Sunday, January 10, 2016

Top Ten Bites of 2015


I wasn't entirely sure that I would bother this year. Beyond the obvious that I've only posted seven times (!!!) since the 2014 iteration of this list, I've also struggled to come to a clear resolution about what I want to include. Not necessarily because, in hindsight, nothing seems all that noteworthy, but rather because as someone who occupies space on the periphery of the food industry, I feel as though I ought to be waxing poetic about uni squid ink housemade pasta with fermented chilies, and seared foie gras lobes with pickled cherries and saba rather than things like bread and butter, and oatmeal.

While there are certainly a handful of those highfalutin dishes that stand out to me from this past year, it's hard to strip a dish from the context and the company with which it was consumed. So much of the pleasure of dining is derived by the experience and occasion -- the ambiance of the restaurant, the hospitality of the staff, and, perhaps most significantly, the dynamic with one's dining companions. 

Even after seven or so years of said occupancy in the industry's periphery, I'm still amazed at food's ability to connect people who might not normally be, well, connected. It breaks down geographic, political, and ethnic barriers, and has the power to spawn and nurture friendships… even inspire love.

For, you know, people who are not me.

So, while 2015 didn't bring triple red heart emojis, it did illicit rib-bruising laughter and strengthened and built new relationships with the incredible people who make up the fiber of the food community in Los Angeles.

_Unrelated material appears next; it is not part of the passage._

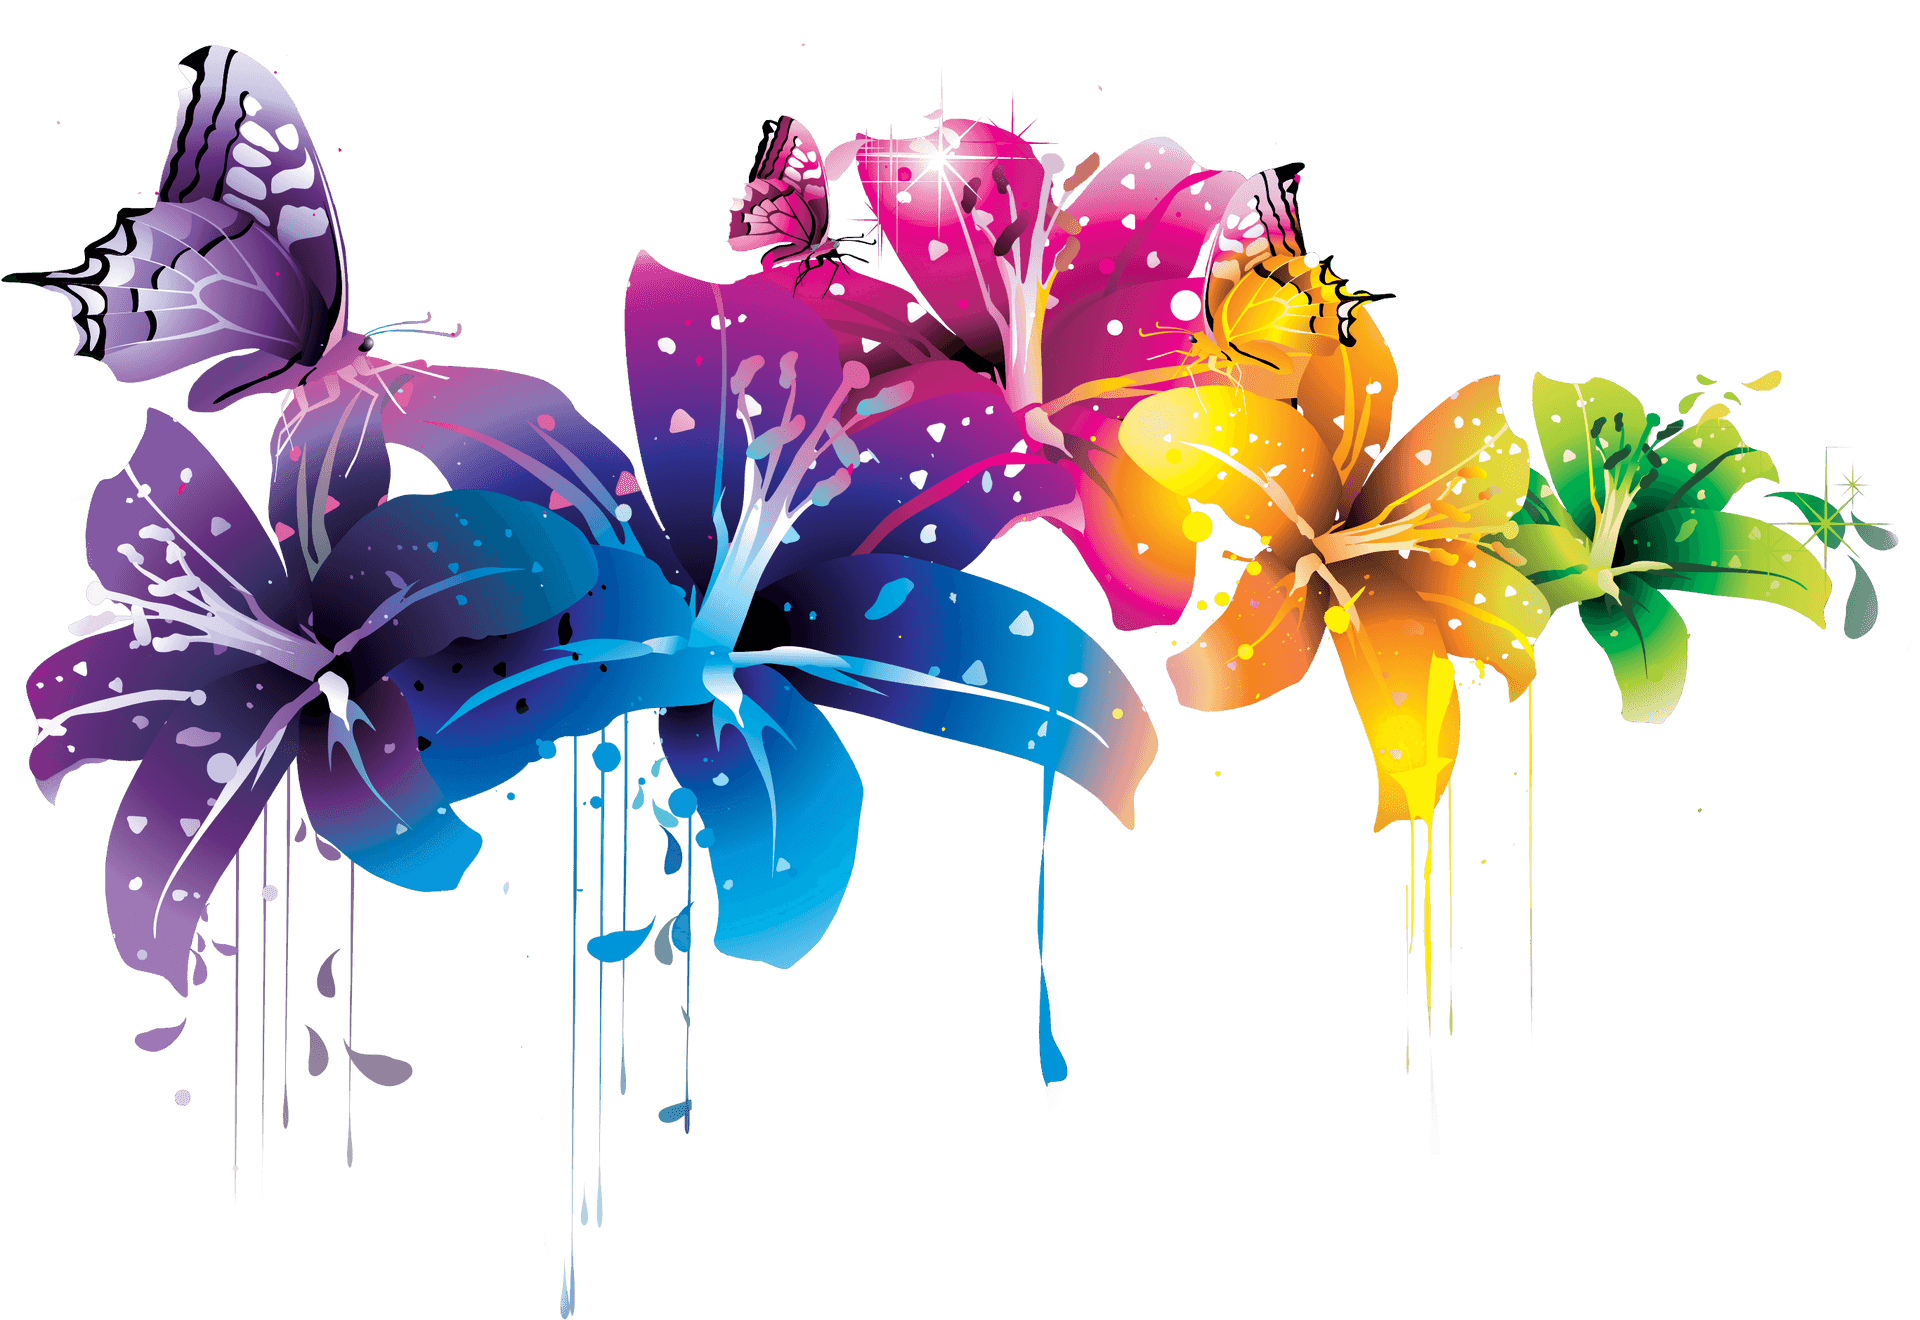 Colorful Floral Vectorwith Butterflies PNG image
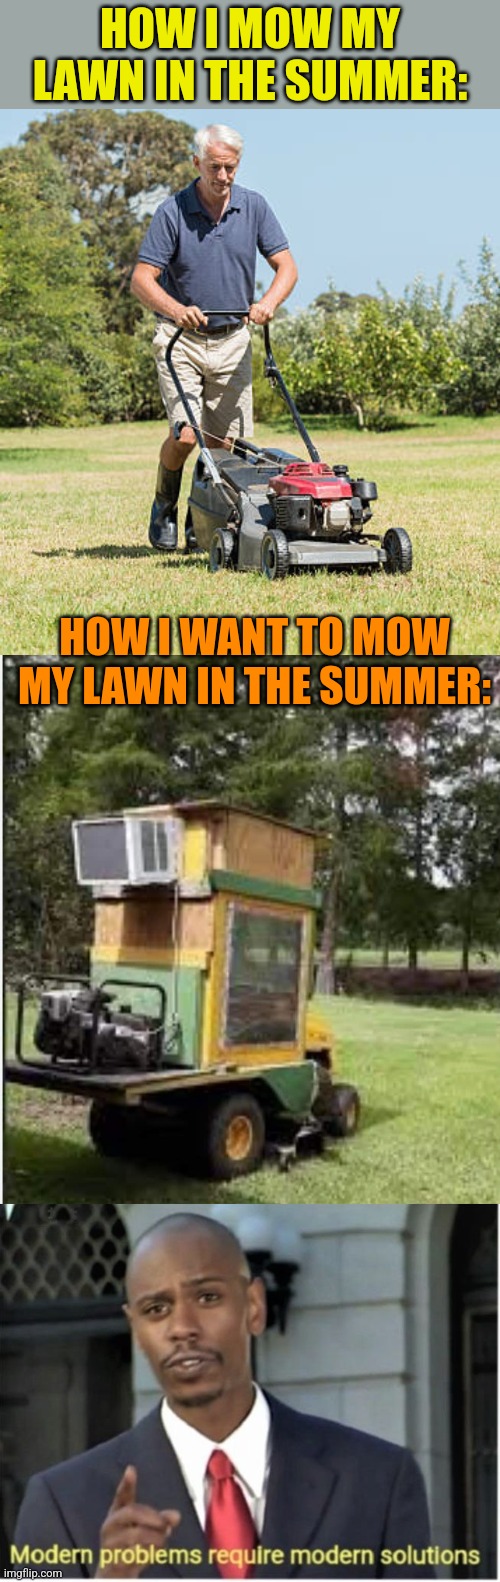 Cool Ride | HOW I MOW MY LAWN IN THE SUMMER:; HOW I WANT TO MOW MY LAWN IN THE SUMMER: | image tagged in modern problems require modern solutions,air conditioner,lawnmower,mowing,grass | made w/ Imgflip meme maker

It took me around the country to dining meccas like Chicago, New York, Portland, and San Francisco. And it brought these transcendent ten dishes into my orbit… and, now, perhaps yours.


Rugbrod bread and salted butter at Esters Wine Shop and Bar in Santa Monica
The product of a partnership between Los Angeles culinary royalty Josh Loeb and Zoe Nathan, and Rustic Canyon restaurant’s wine director, Kathryn Coker, and her husband, Tug, Esters is quite literally a labor born out of love. It's easy to be dazzled by the high-vaulted ceilings and eggshell blue walls of the interior, or the twinkling lights strung over the Instagram-friendly tile tables that line the narrow, street-facing patio, but the chic space doesn't rest on style alone to convert the throngs of Westsiders who have made it their home away from home since Esters' opening this summer. There is Coker's thoughtfully curated wine selection, of course, but that too would be rendered incomplete without the foil of Chef Jeremy Fox's succinct menu of snacks, charcuterie and cheese supplemented with bread sourced from sister property Milo & Olive. While appraising words have certainly been said about the grilled cheese, kouign amann cheese twists and lavender almonds, during a spontaneous mid-week happy hour with friends this past December, it was a simple loaf of freshly baked rugbrod bread with salted butter that captivated my full attention. With the companionship of a glass of something Italian and red (again, the bread had captivated my FULL attention), and the companionship of my fellow partners in carb crime, it was the perfect weeknight dinner. 1314 7th St, Santa Monica, CA 90405, ((310) 899-6900 


Kimchi fried rice at Baroo in Hollywood
On a recent visit to the signless East Hollywood strip mall prototypical "hole-in-the-wall," my party and I tried to pinpoint when it was that Baroo burst onto the radar and into the hearts of LA's foodarazzi. My initial introduction was via a food editor who had declared it a must-try when we met for drinks this past October at another new LA gem, Everson Royce Bar, and soon after our exchange, it seemed that the chorus of critical acclaim was echoed everywhere by everyone.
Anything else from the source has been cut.